This is about how the LC function length() measures mixed-language strings encoded in UTF8 and in UTF16. In my case, the string is English and Russian.
I have a tiny text file that contains three Russian letters and three English letters, АБВABC.
--I read that file into a variable.
--I call length() to determine the length of that variable.
--I convert that variable to UTF16 and put it into a field. I see the text correctly displayed in the field.
--I call length() to determine the length of that field.
--I look at the two length results, and try to interpret them.
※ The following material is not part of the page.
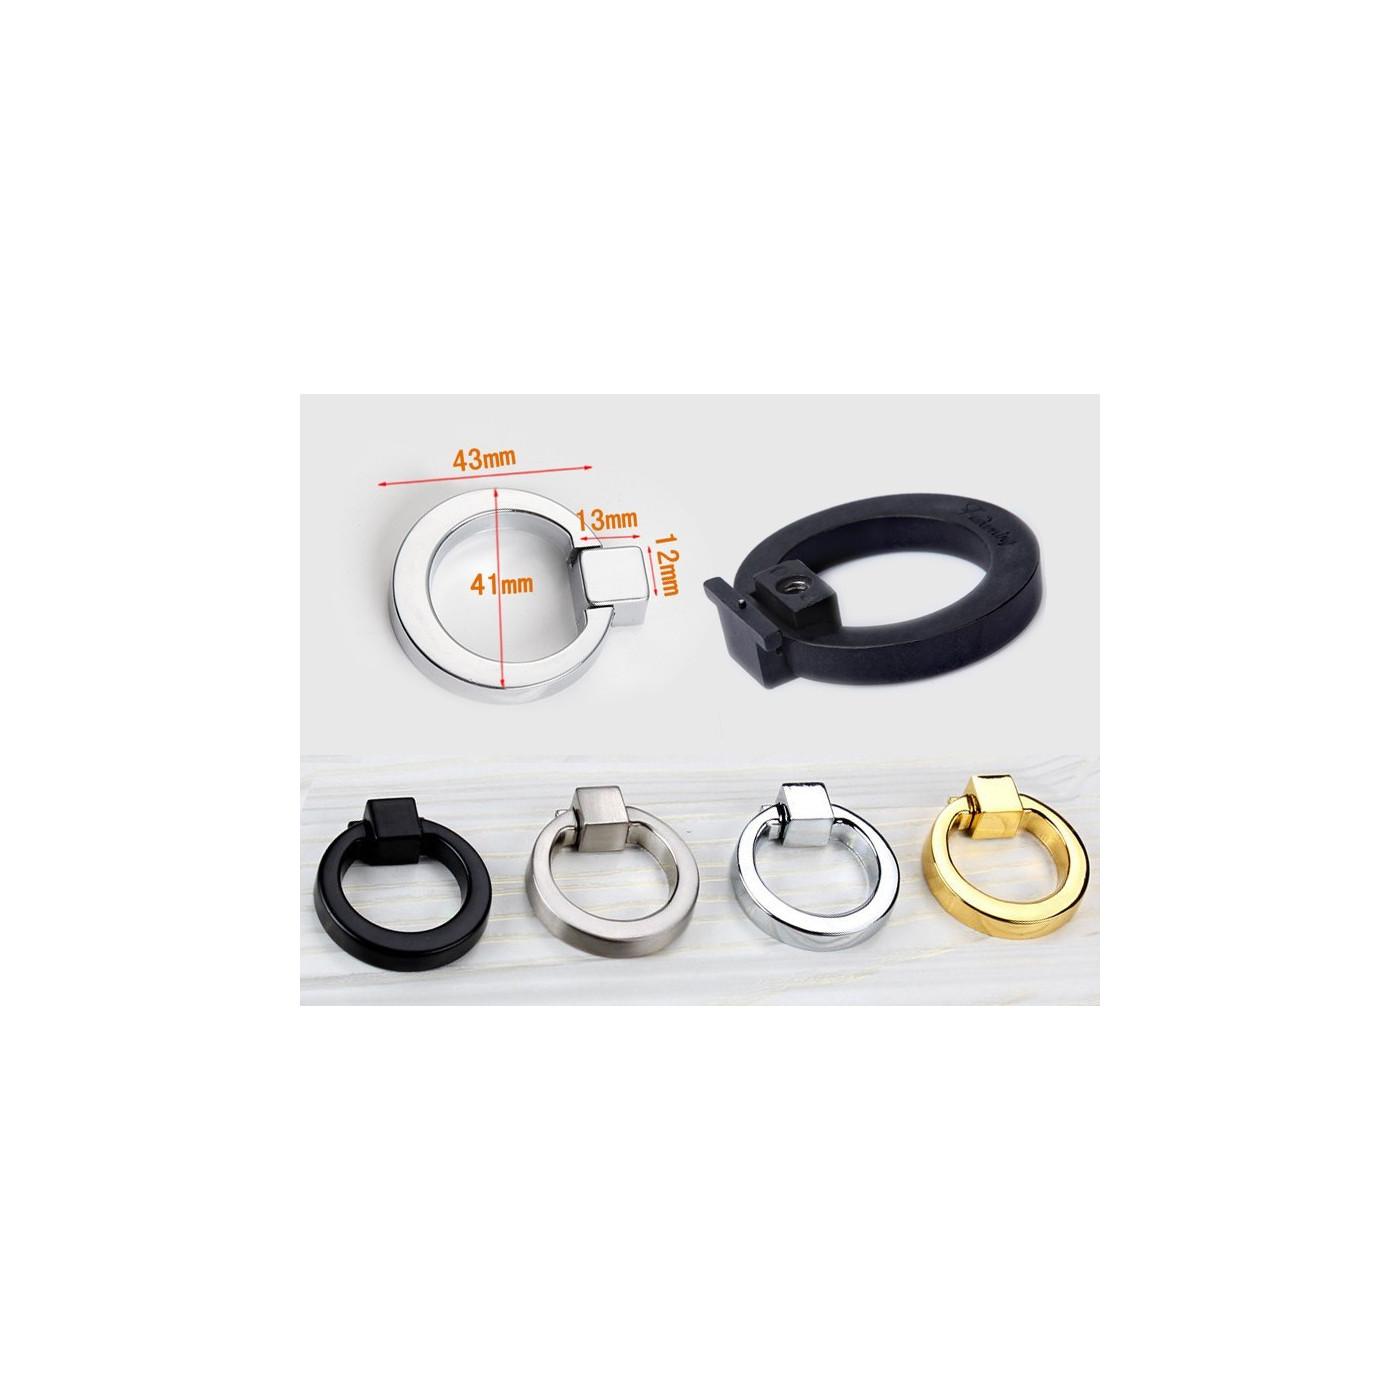 Conjunto de 5 alças de anel de metal (cromado)  - 1

Here it is, copied from the Message Box:
Code: Select all
put u-r-l("binfile:E:/LiveCode/test.txt") into locFromFile
--test.txt was saved from Notepad as a UTF-8 file; it contains 3 Russian and 3 English letters
delete char 1 to 3 of locFromFile --this removes the BOM
put length(locFromFile) into locFileLength
set the unicodeText of field "TestField" of this card to uniEncode(locFromFile, "UTF8")
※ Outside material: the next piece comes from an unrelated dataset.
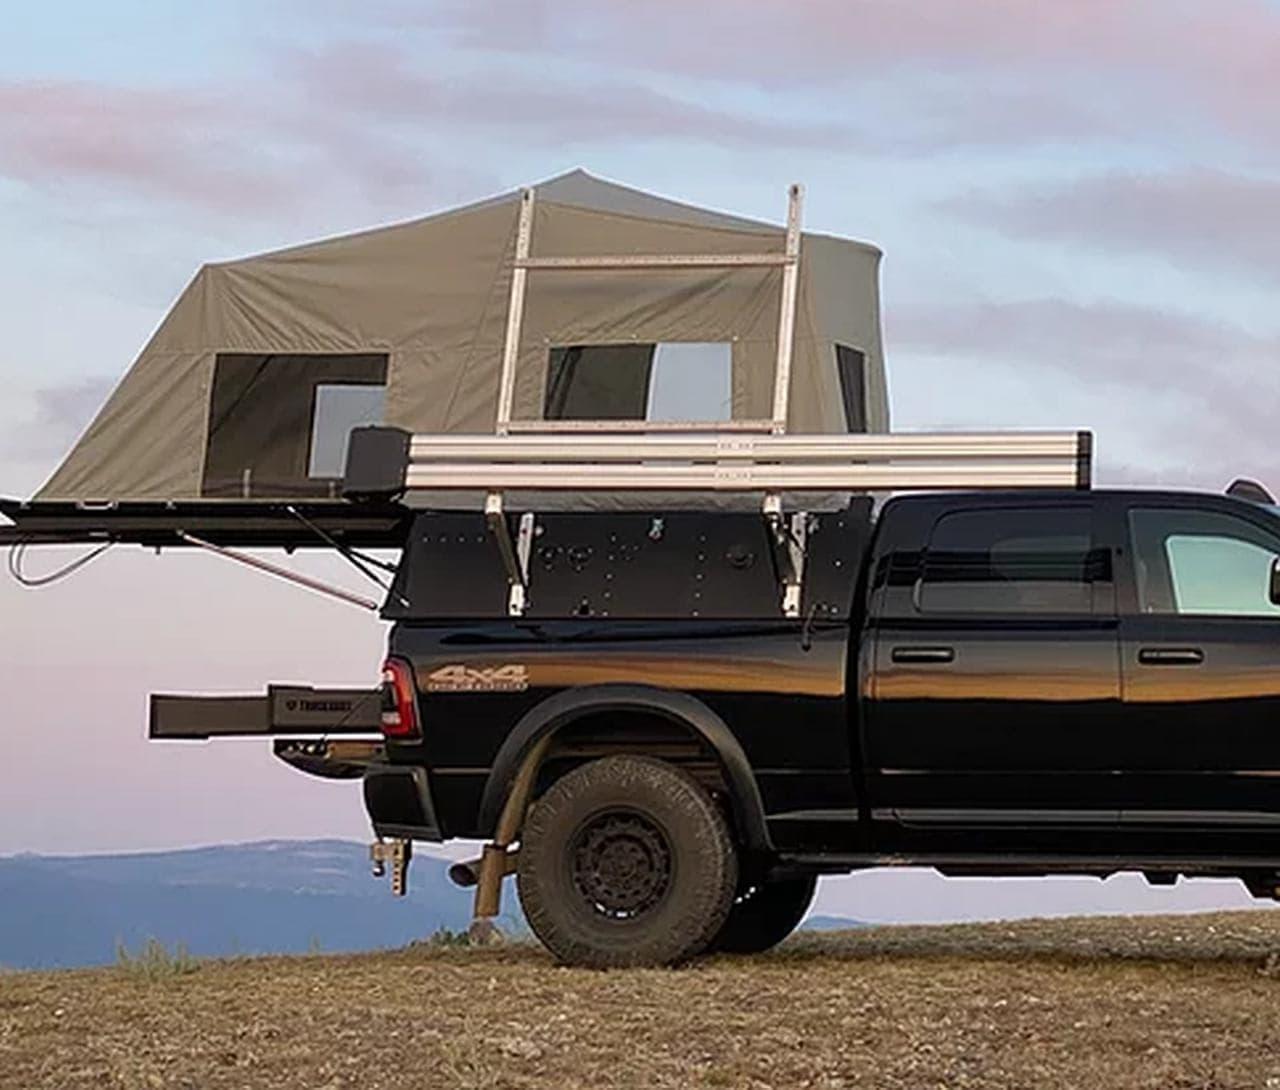 後ろに開いて居住空間を拡大 トヨタ「タコマ」などをキャンピングカーにするSKINNY GUY CAMPERS

--I see the text of the file correctly displayed in the field
put length(the unicodeText of field "TestField" of this card) into locFieldLength
put "length of variable: " & locFileLength & " length of field: " & locFieldLength
--the Results pane shows: length of variable: 9 length of field: 12
I explain the 9 as follows: each English letter counts as 1 and each Russian letter coutns as 2.
I open my little text file and delete one Russian letter and one English letter, and run the same code from the Message Box. I see:
length of variable: 6 and length of field: 8
My explanation is still the same: 2 English letters plus 2*2 for the Russian letters.
I open my little text file again and add one Russian letter, and run the same code from the Message Box. I see:
length of variable: 8 and length of field: 10.
The same formula explains the 8.
Now when my text file contains three English letters, the results are predictable: 3 and 8.
The length() of the UTF-16 string is always double the number of letters, whether they are Russian or English. That's cool and reliable, and I can live with it. But the length of the UTF-8 variable depends on the ratio of Russian vis-a-vis English letters in the variable. How do you work with that?
Slava